The package functClust contains two groups of main functions. The first group includes 4 functions (fclust, fclust_plot, fclust_write and fclust_read) which allow a basic combinatorial analysis, its plotting and its saving.

• fclust does all computations. It fits a primary tree of component clustering to assemblage performances, extracts a secondary tree for its predicting ability and parcimony, predicts the performance of each assemblage using the whole secondary tree, then returns an object containing the results of the functional clustering of system components: primary and secondary trees of component clustering, modelled and predicted performances of component assemblages, composition and mean performances of assembly motifs.

• fclust_plot finalizes the findings. It takes the object generated by the function fclust, then plots numerous useful graphs for illustrating results and the ways by which they were obtained: primary and secondary trees of component clustering, composition and mean performances of assembly motifs, mean performances of assemblages containing a given components, observed, simulated and predicted performances of assemblages labelled by assembly motif, performances of some given assemblages, etc…

• fclust_write and fclust_read allow to save and load, respectively, the results of a functional clustering generated by the function fclust.

Both the functions fclust and fclust_plot are managed by a set of options.

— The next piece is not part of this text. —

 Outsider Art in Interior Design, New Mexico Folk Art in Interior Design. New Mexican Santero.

The second group of functions also includes 4 functions (ftest, ftest_plot, ftest_write and ftestread) which allow to test the significance (i) of different components that belong to the interactive system, basic combinatorial analysis, (ii) of different assemblages that compose the dataset, (iii) of different observed performances if it is the case, and (iv) to evaluate the robustness of component clustering if several performances were observed.

• ftest does different computations depending on the options chosen. All tests are time-consumming, because they are based on repeated combinatorial analysis done on slightly modified datasets.

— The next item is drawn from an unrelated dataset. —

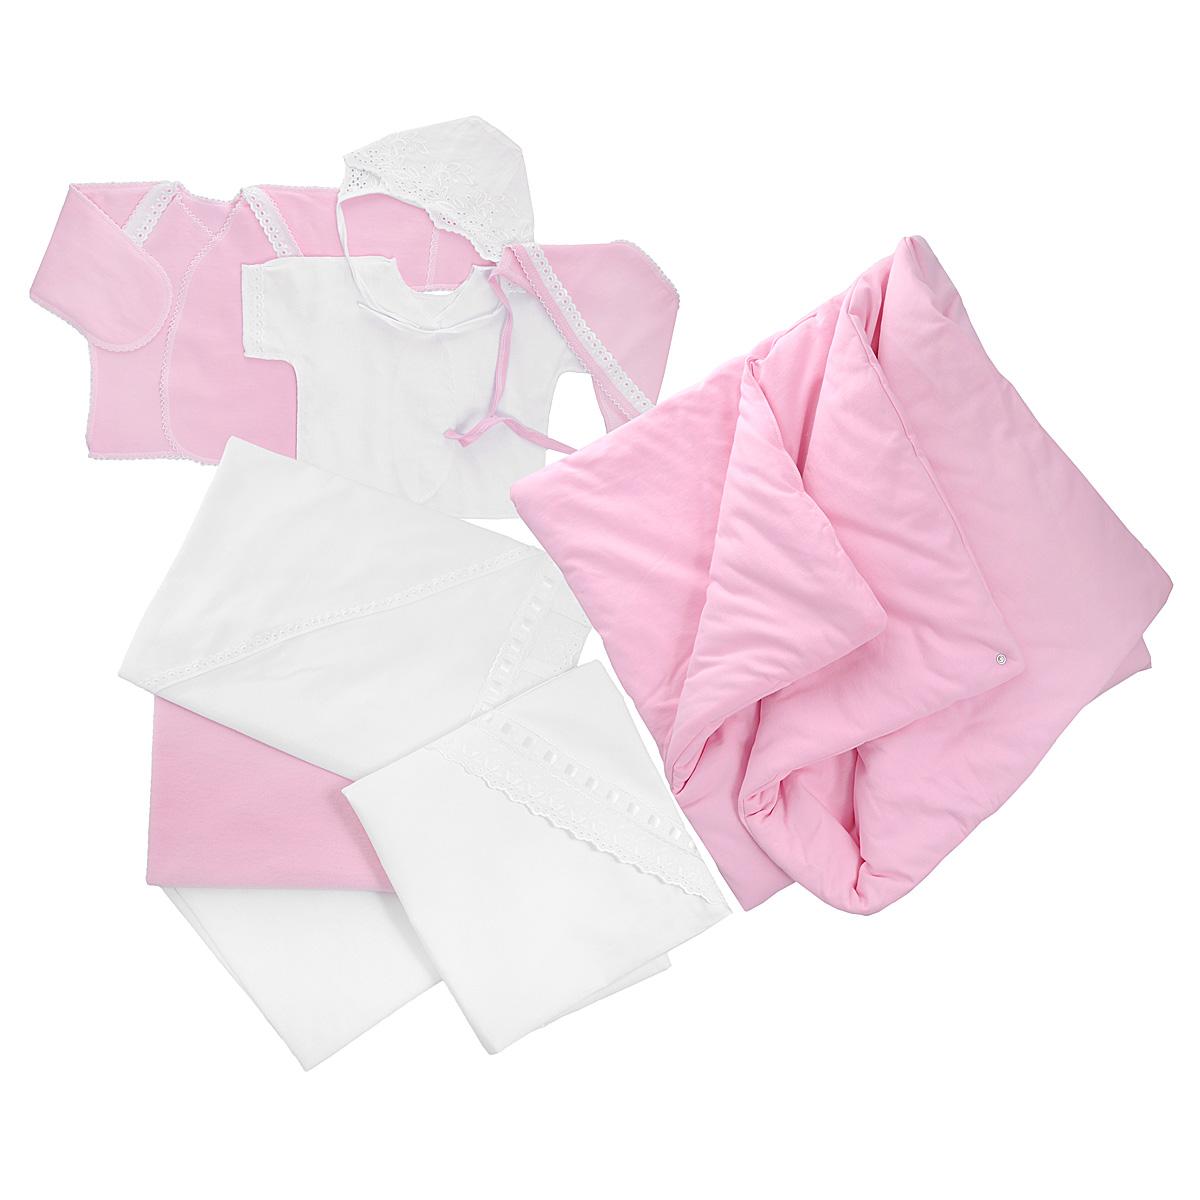 Комплект для новорожденного Трон-Плюс, 9 предметов, цвет: белый, розовый. 3476. Размер 62, 3 месяца

• ftest_plot plots numerous graphs for illustrating results.

• ftest_write and ftest_read allow to save and load, respectively, the results of testing.

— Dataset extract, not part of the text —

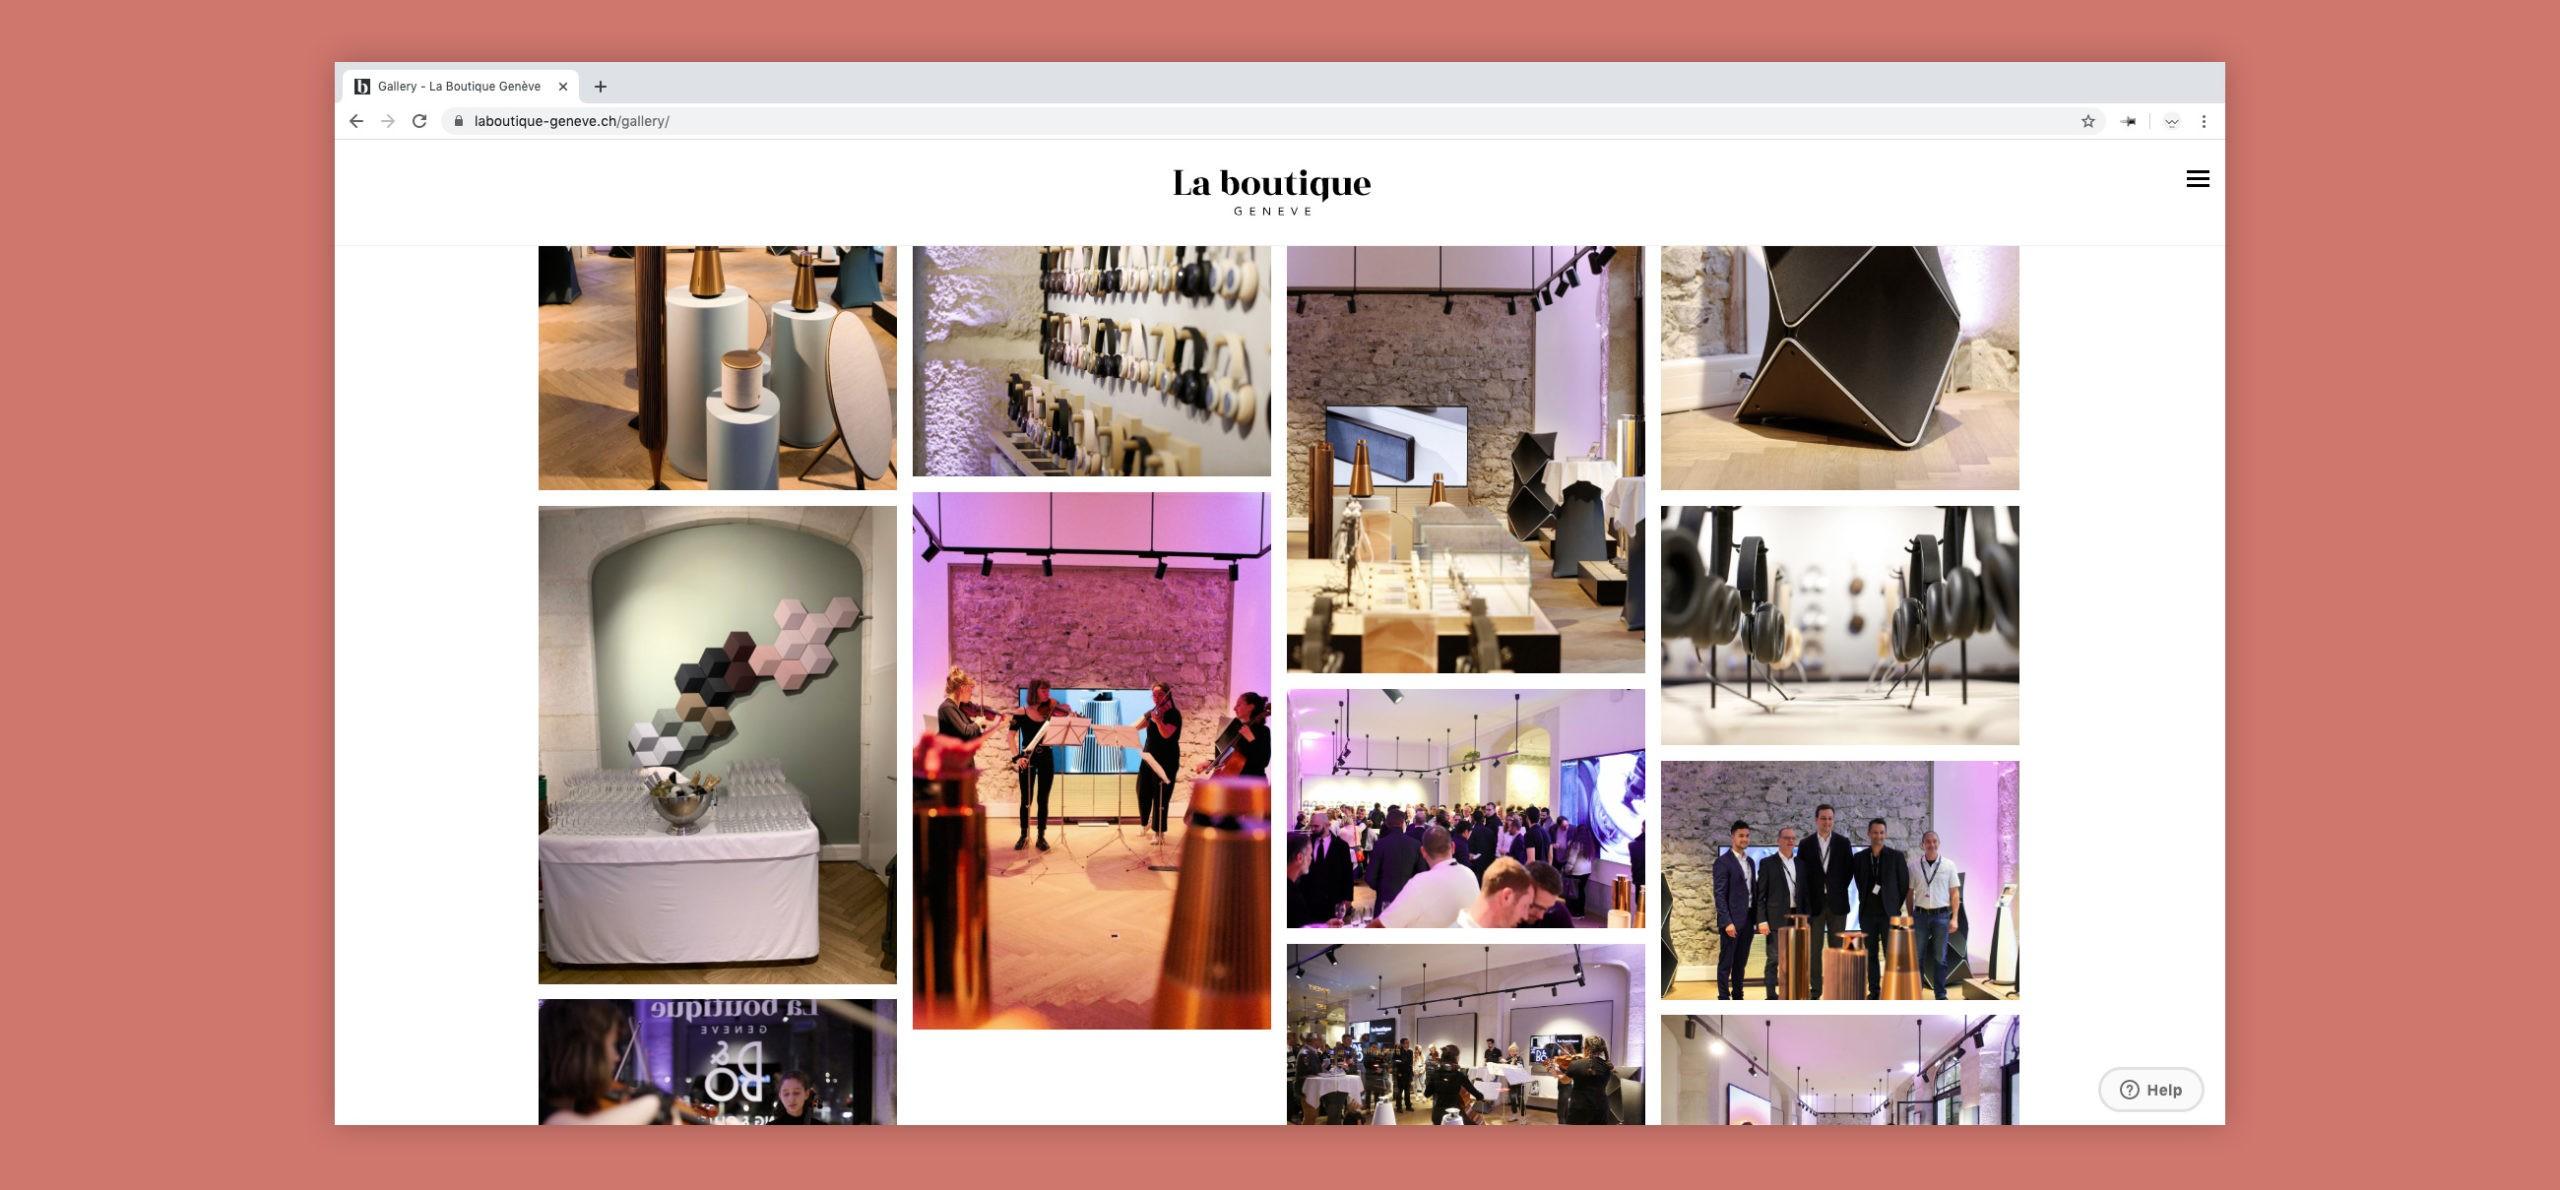 Site web de La Boutique sur la page galerie

All the functions are managed by a set of options. However, the package functClust shows all the functions used for analysing a dataset by a functional clustering and plot the results. Each function can be directly used for specific computation or plotting.

## Note

Note that some computations are time-consuming. To facilitate the monitoring of the smooth running of the computations, informations are written on the Console and graphs are drawn on the Plots panel. The writting are enable or disable by the “verbose” option.

getOption("verbose")
#> [1] FALSE
# to follow the computations
options(verbose = TRUE)
# to deactivate the option
options(verbose = FALSE)

## Availability and installation of functClust

The package functClust (version 0.1.0) is available on :

It can be load and install with:

#install.packages("functClust")

## References

Jaillard, B., Richon, C., Deleporte, P., Loreau, M. and Violle, C. (2018) An a posteriori species clustering for quantifying the effects of species interactions on ecosystem functioning. Methods in Ecology and Evolution, 9:704-715. https://doi.org/10.1111/2041-210X.12920

Jaillard, B., Deleporte, P., Loreau, M. and Violle, C. (2018) A combinatorial analysis using observational data identifies species that govern ecosystem functioning. PLoS ONE 13(8): e0201135. https://doi.org/10.1371/journal.pone.0201135

Jaillard, B., Deleporte, P., Isbell, F., Loreau, M. and Violle, C. (submitted) Identifying plant functional groups that govern ecosystem functioning in a long-term biodiversity experiment.